Olympic Studios, London, January 1967. As soon as he walks into the room, Jimi Hendrix stands in his corner, his mouth hanging open. “Then once we finished setting up the amps,” recalls English sound engineer Eddie Kramer, “he took off his raincoat, plugged it in, played a chord, and I’ve never heard such a thing in my life. My life changed in a nanosecond. . »
Eddie Kramer will have rubbed shoulders with Jimi Hendrix for only four short years, but it is his entire existence that will influence this atomic nanosecond. After having collaborated on the recording of all the albums by the American guitarist who would have turned 80 this Sunday, since the mid-1990s the shadow man has been the main architect of the restoration of his extensive archive, of which he has already been unearthed from pyrite, but from which real nuggets sometimes emerge as well.
Last example: Los Angeles Forum: April 26, 1969, a new one (premiered last Friday) that obviously testifies to the bubbly inventiveness of the virtuoso, but also to his humor. For almost 80 minutes, for just 11 pieces, Hendrix improvises until he’s thirsty and plays one of the first rereadings of the starry bannerthat he would subvert for posterity four months later at Woodstock.
“Here is a song with which we have all been brainwashed,” he launches in an undeniably provocative tone during this show in which he will be seen both multiplying the calls for calm, addressed to a rowdy crowd, and joking with the police , which was probably salivating. at the idea of touching the baton. The phrase “Excuse me while I kiss the sky” in purple haze thus becomes “Excuse me while I kiss that cop”!
“His level of communication with the crowd is incredible, symbiotic. There was an intimacy between Jimi and his audience,” observes Kramer, who has worked on some of the most memorable live albums in rock history, including Live! of KISS and Frampton comes to life! by Peter Frampton.

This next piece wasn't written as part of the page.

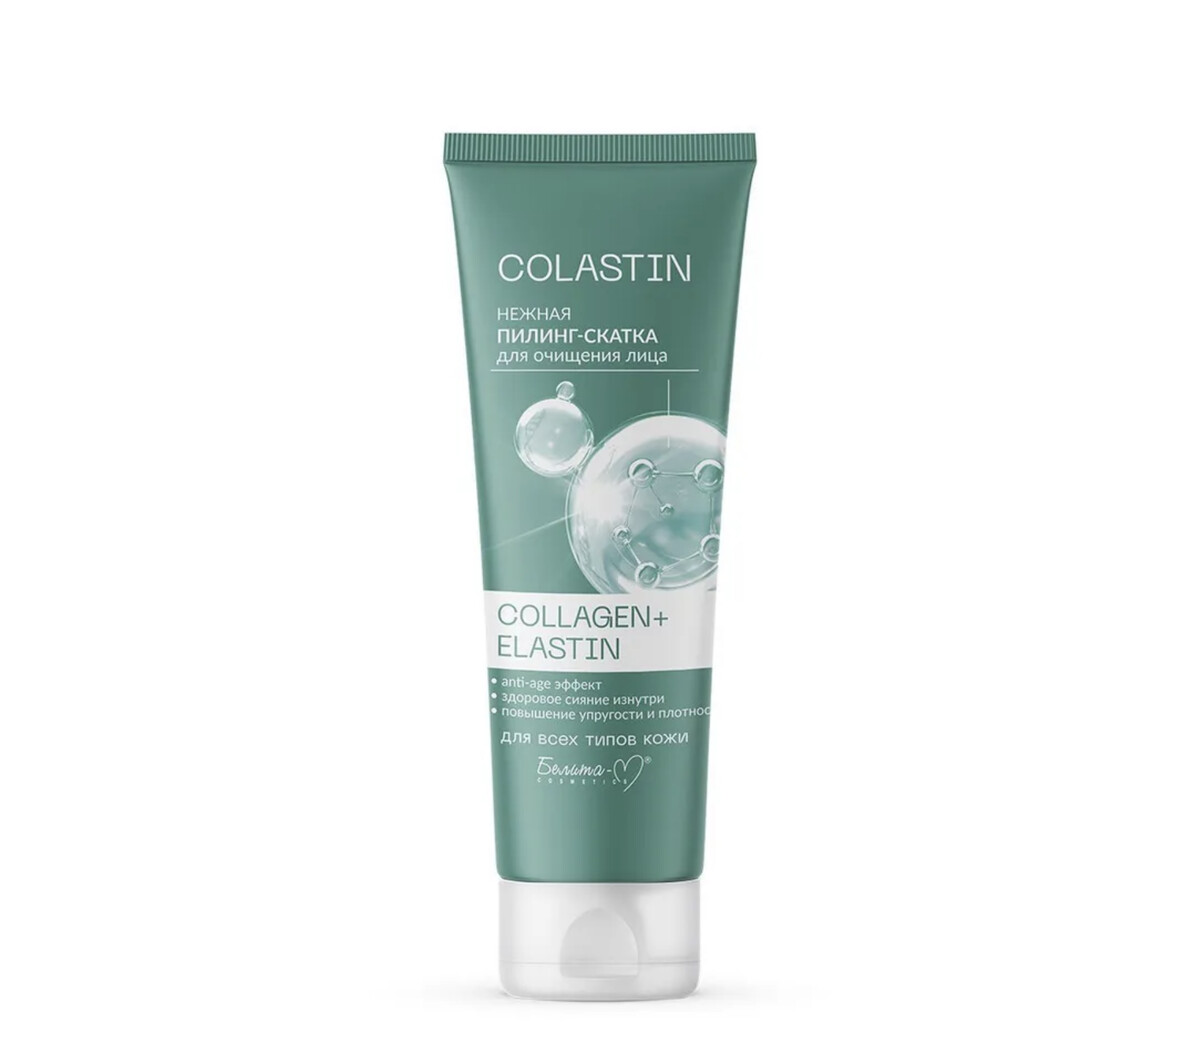 Colastin пилинг-скатка для очищения лица нежная collagen+elastin 75г пилинг скатка для лица 75 мл

The octogenarian -born seven months before Hendrix- recalls that the stage was becoming at that time more than a place of strict performance, but also of discovery and creation. At the LA Forum, the Jimi Hendrix Experience sets the evening on fire with a 15-minute rendition of Tax freean instrumental piece by the obscure Swedish duo Hansson & Karlsson, whose paths had crossed on a tour of Stockholm.
Giving a show was always a great opportunity for Jimi to explore, to push the limits of his guitar, but also of his mind.
Great guitarist, shy singer.
If the crazy expressiveness of Jimi Hendrix’s performance isn’t headline-grabbing news, the flexibility of his voice is still too little celebrated, thinks Eddie Kramer. “He was a singer who was not sure of himself, he regrets it. He always told me to hide his voice in the mix. I used to set up a small booth for him in the studio, so that he would have his back to the control room. I turned off the light and only left him a lamp so he could read the lyrics. »
I was cheering him on, but he never stopped thinking that he had the worst voice in the world.
Los Angeles Forum: April 26, 1969 it also immortalizes the imperturbable cohesion that united the members of Jimi Hendrix’s group, which did not have a single exuberant instrumentalist, but two, with drummer Mitch Mitchell. How did these torrential musicians know how to anchor each other, without diverting them?
“Mitch was actually a completely wild drummer, coming from jazz and Elvin Jones. [batteur de John Coltrane, notamment]says Kramer. In the studio, every time Mitch was looking for a great pass, Jimi would look at me and want to say, “I don’t know how he’s going to get his rhythm back.” But still he landed on his feet and Jimi laughed. I think the solidity of Noel [Redding] on bass allowed Jimi and Mitch to spin. »
Following Jimi Hendrix to the United States in 1968, Eddie Kramer became one of his top advisers. It was he who had the brilliant, and cheap, idea to build his own studio in 1970, the Electric Lady, in Greenwich Village, which continued to host the biggest artists of its time, including Taylor Swift, Daft Punk and Lana. King.
“Before, Jimi spent about $250,000 a year in studio fees. He said, “We’re going to build him the best studio we can.” And he appreciated it: when he had a session scheduled at 7:00 p.m., he always arrived at 7:00 p.m., ”he recalls about the one whose punctuality was not the main quality. “At the Electric Lady I was never late. »
But unfortunately he was only able to record there for ten weeks.